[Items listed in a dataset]

....

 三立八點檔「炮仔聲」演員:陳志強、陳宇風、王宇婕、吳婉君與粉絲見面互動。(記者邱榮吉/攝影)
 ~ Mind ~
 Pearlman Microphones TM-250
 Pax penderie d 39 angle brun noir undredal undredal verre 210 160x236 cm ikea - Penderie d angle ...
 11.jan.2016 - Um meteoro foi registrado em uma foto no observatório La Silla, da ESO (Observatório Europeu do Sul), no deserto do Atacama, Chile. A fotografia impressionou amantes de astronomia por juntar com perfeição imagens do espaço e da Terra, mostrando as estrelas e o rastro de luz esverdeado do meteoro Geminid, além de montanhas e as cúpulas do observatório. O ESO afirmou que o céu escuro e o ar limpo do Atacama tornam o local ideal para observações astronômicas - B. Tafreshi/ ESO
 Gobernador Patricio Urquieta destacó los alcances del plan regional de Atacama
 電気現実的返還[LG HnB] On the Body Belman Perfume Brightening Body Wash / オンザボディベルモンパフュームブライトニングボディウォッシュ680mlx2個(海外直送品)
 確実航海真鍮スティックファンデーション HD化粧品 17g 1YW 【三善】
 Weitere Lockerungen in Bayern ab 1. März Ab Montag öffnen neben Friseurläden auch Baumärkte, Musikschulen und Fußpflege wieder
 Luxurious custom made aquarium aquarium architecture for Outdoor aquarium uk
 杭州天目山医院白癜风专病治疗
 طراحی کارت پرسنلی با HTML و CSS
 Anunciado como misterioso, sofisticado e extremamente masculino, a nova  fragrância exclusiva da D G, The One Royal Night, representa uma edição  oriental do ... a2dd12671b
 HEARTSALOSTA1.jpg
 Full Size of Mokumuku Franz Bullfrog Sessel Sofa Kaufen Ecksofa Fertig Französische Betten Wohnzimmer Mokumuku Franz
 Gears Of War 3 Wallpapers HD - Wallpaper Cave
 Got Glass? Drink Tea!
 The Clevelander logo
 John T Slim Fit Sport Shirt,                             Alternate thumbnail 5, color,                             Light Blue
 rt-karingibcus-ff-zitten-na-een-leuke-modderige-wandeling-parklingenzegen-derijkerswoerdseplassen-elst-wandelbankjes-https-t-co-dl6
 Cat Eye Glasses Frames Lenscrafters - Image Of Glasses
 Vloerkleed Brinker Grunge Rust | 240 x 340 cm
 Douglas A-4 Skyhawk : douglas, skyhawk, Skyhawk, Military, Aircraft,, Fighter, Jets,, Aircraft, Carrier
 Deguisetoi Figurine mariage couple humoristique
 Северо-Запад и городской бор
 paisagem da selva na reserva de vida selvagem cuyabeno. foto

....

Work instructions: Find the word "foto" in the data and show each line that holds it.

Worked solution:
 11.jan.2016 - Um meteoro foi registrado em uma foto no observatório La Silla, da ESO (Observatório Europeu do Sul), no deserto do Atacama, Chile. A fotografia impressionou amantes de astronomia por juntar com perfeição imagens do espaço e da Terra, mostrando as estrelas e o rastro de luz esverdeado do meteoro Geminid, além de montanhas e as cúpulas do observatório. O ESO afirmou que o céu escuro e o ar limpo do Atacama tornam o local ideal para observações astronômicas - B. Tafreshi/ ESO
 paisagem da selva na reserva de vida selvagem cuyabeno. foto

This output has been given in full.